Наверняка он хранит ее в своей потрескавшейся деревянной шкатулке среди самых ценных бумаг. Когда же это было? Полк учился тогда в школе, и мать очень сердилась и плакала — учителя жаловались на его непослушание и своеволие, на дерзкие вопросы и странные выходки.
Полк оправдывался:
— Мама, они врут! Как только они не могут ответить на мой вопрос, они говорят, что я хочу сорвать занятия! А я хочу знать правду и поступать так, как я считаю правильным. А чтобы ты не сомневалась, я выдам тебе долговое обязательство… — Он схватил со стола квитанцию из химчистки и на оборотной стороне написал: «Я, Стивен Полк, ученик двенадцатого класса школы имени Игнатия Лойолы, обязуюсь в течение следующих десяти лет стать великим человеком. Заверяю своей подписью и, если я не выполню обязательство, обещаю смириться, быть приличным мальчиком и принести тебе свои извинения. Стивен Полк».
Мать прочитала эту расписку, засмеялась и сказала со вздохом:
— Я не настаиваю, чтобы ты стал великим человеком, мне это не нужно. Стань хорошим человеком, мне этого будет вполне достаточно…

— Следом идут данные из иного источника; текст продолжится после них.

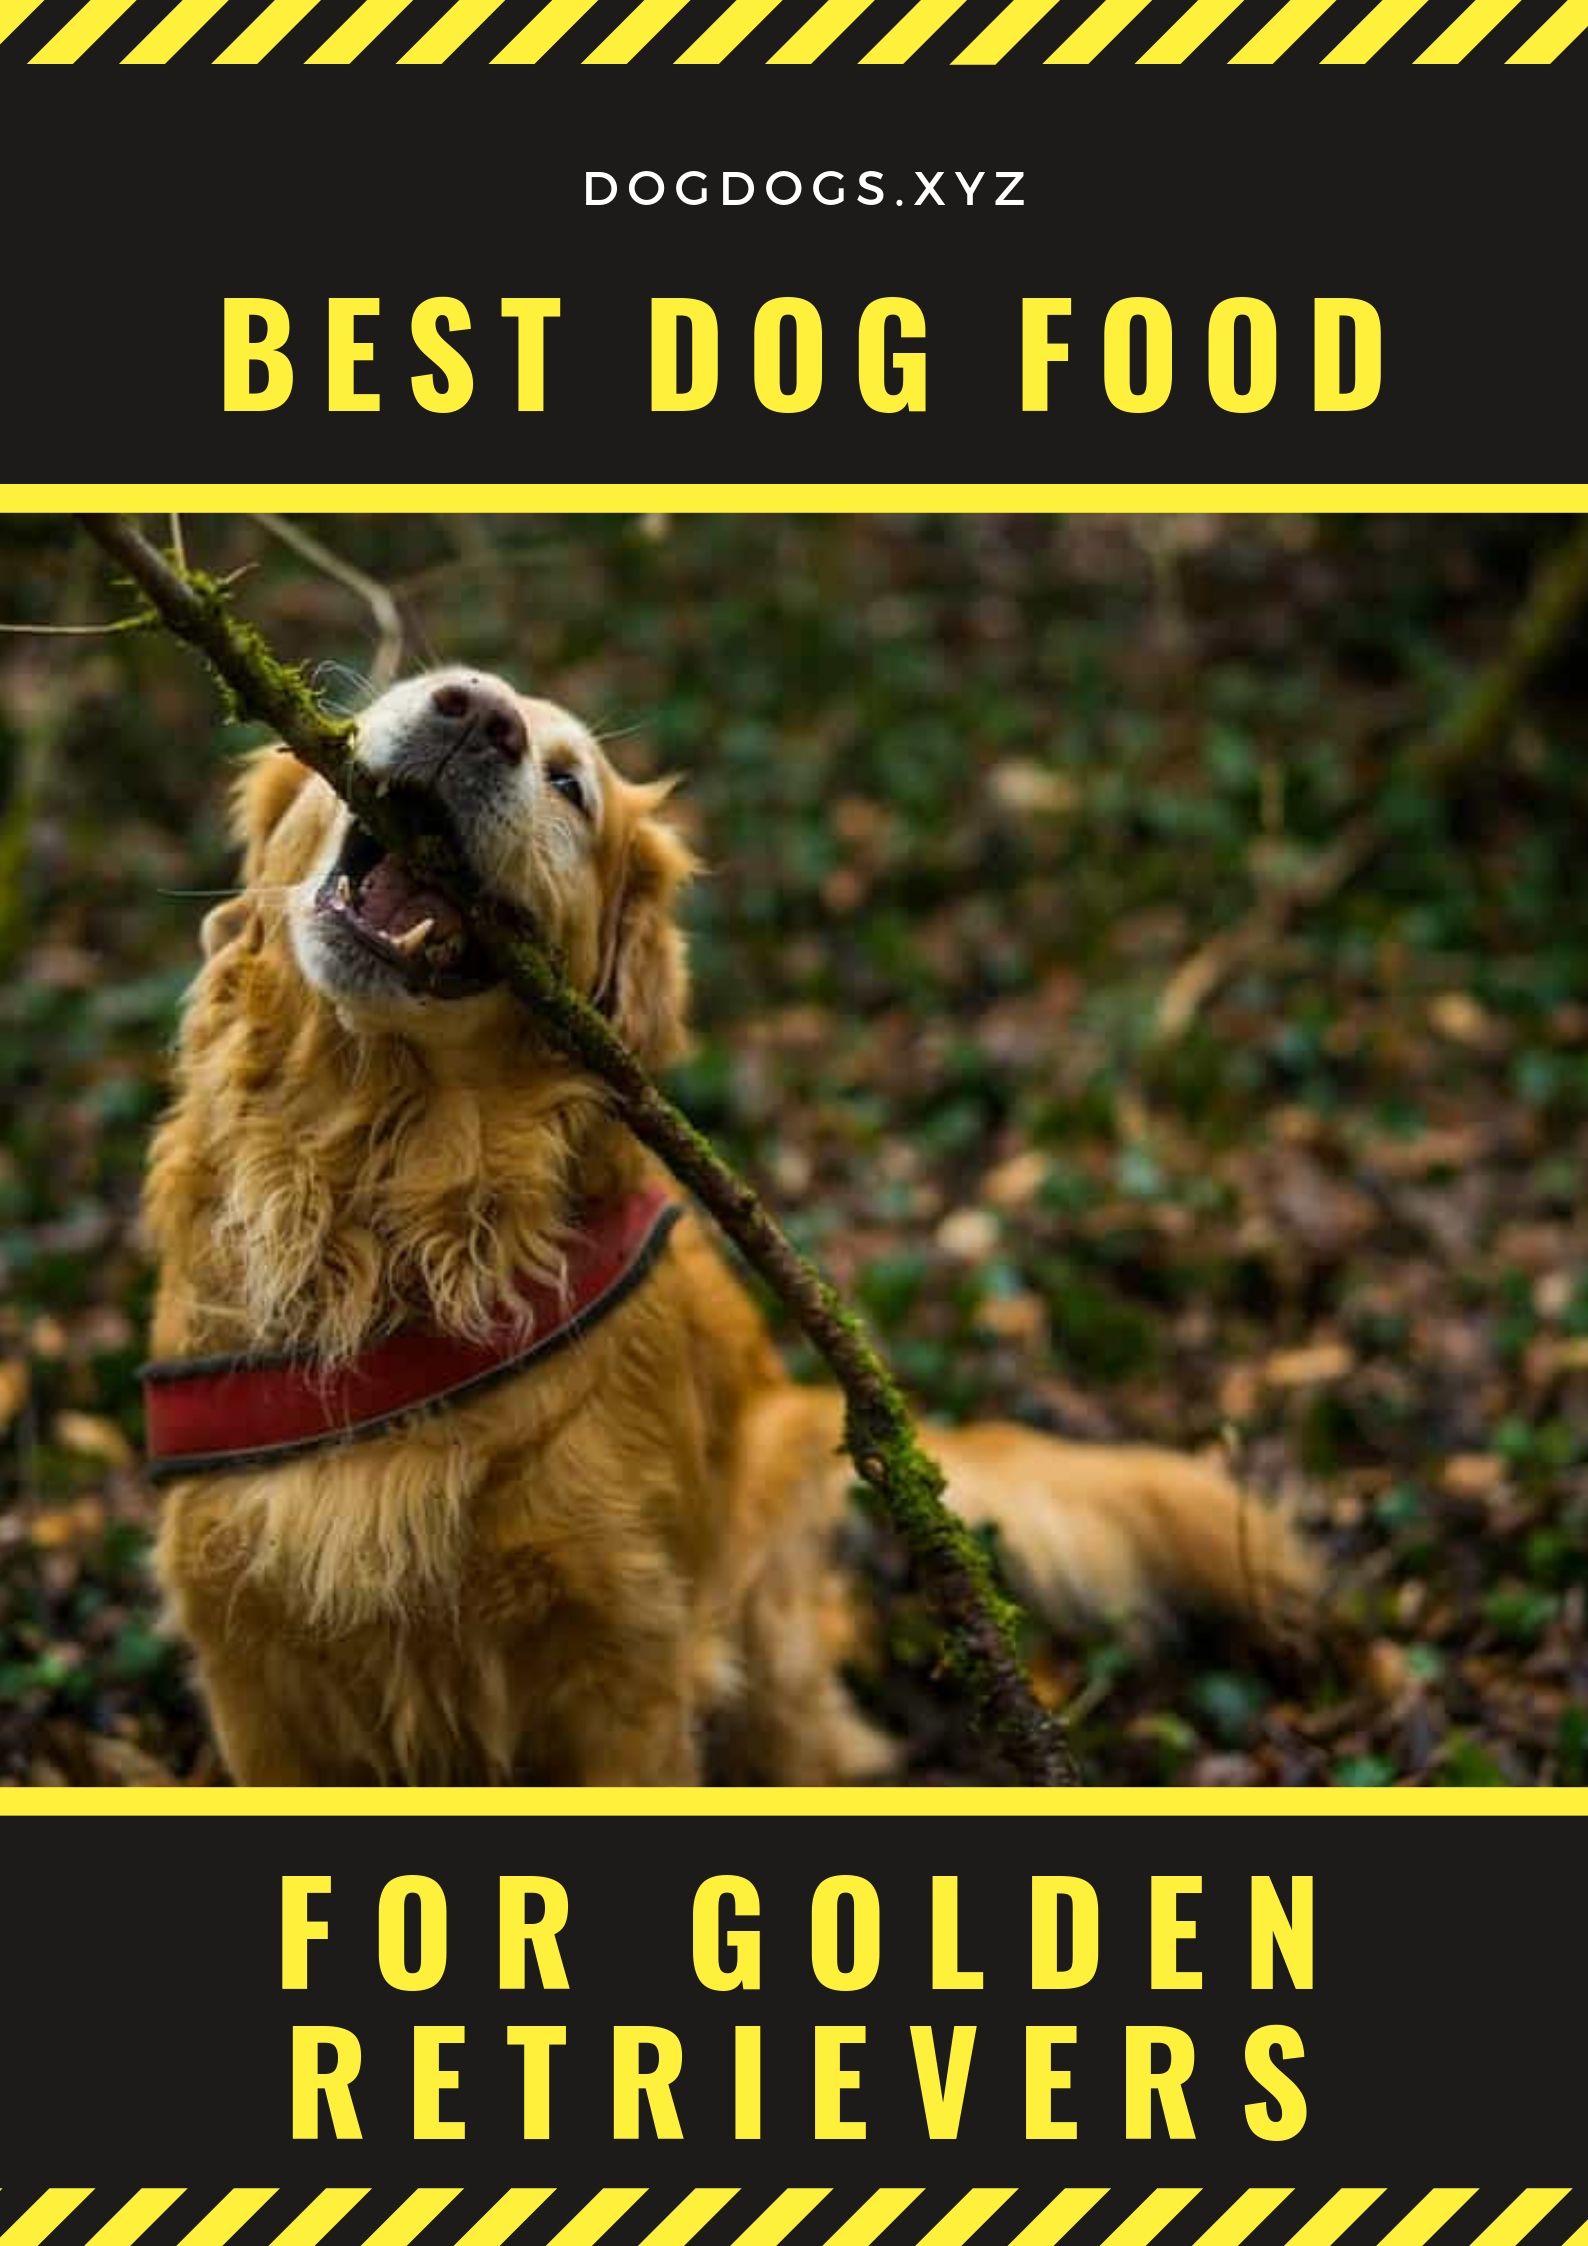 Best Dog Food For Golden Retrievers  Dogdogs

Это было так давно, это было просто старой шуткой, Полк забыл о ней. Он не стал великим человеком. И никогда им не станет. Да и не очень-то хотелось. Просто жил как жил. А отец помнил.
И вчера Полк сказал отцу:
— Не думай об этом, старик. Мне сказал Фрилэнд, что ты все делал в жизни не так, как другие. Ты и это сделал не так. Но все, что ты делал, меня устраивает… Я тебя люблю… Сейчас у меня очень трудное время, но недели через две я закончу все это и приеду к тебе. Я должен поехать в Россию, но перед этим я прикачу к тебе. Возьму отпуск, и будем жить, как когда-то. Будем ходить на рыбалку. Поедем на лодке, возьмем палатку, будем жить с тобой на озерах… Я тебе обещаю. Ты будешь меня дожидаться?
— Да, — сказал отец. — Я тебя всегда дожидаюсь…
И голос его не дребезжал, он стал еще глуше, мягче — может быть, от подступивших слез.
Раздался телефонный звонок. Полк снял трубку.
— Я хочу поговорить со старшим специальным агентом Стивеном Полком, — сказали с характерным нью-йоркским акцентом.
— Я у телефона.
— Здравствуйте, мистер Полк! С вами говорит подполковник Ордынцев, руководитель оперативно-розыскной бригады Министерства внутренних дел России.
Полк бесконечно удивился:
— Слушаю вас…
— Мне передали ваш запрос относительно Леона Бастаняна, исчезнувшего в Москве.
— Да, я отправил запрос третьего дня и, честно скажу вам, не ожидал, что вы так быстро откликнетесь…
— Ничего удивительного!.. — засмеялся в Москве человек с нью-йоркским акцентом. — Нас это интересует, поскольку мы занимаемся этим вопросом сами.
— По крайней мере у нас теперь будет непосредственная связь и возможность обменяться информацией. Я очень рад этому… — искренне сказал Полк и, не удержавшись, спросил: — У вас замечательный английский. Откуда?
— Я провел детство в Нью-Йорке, учился в школе в Ривер-дэйле. Мой отец работал в Штатах…
— Ага, понятно, — сказал по-русски Полк и предложил: — В таком случае мы с вами можем говорить и по-русски, и по-английски. Моя мать — русская, и я с детства знаю русский язык…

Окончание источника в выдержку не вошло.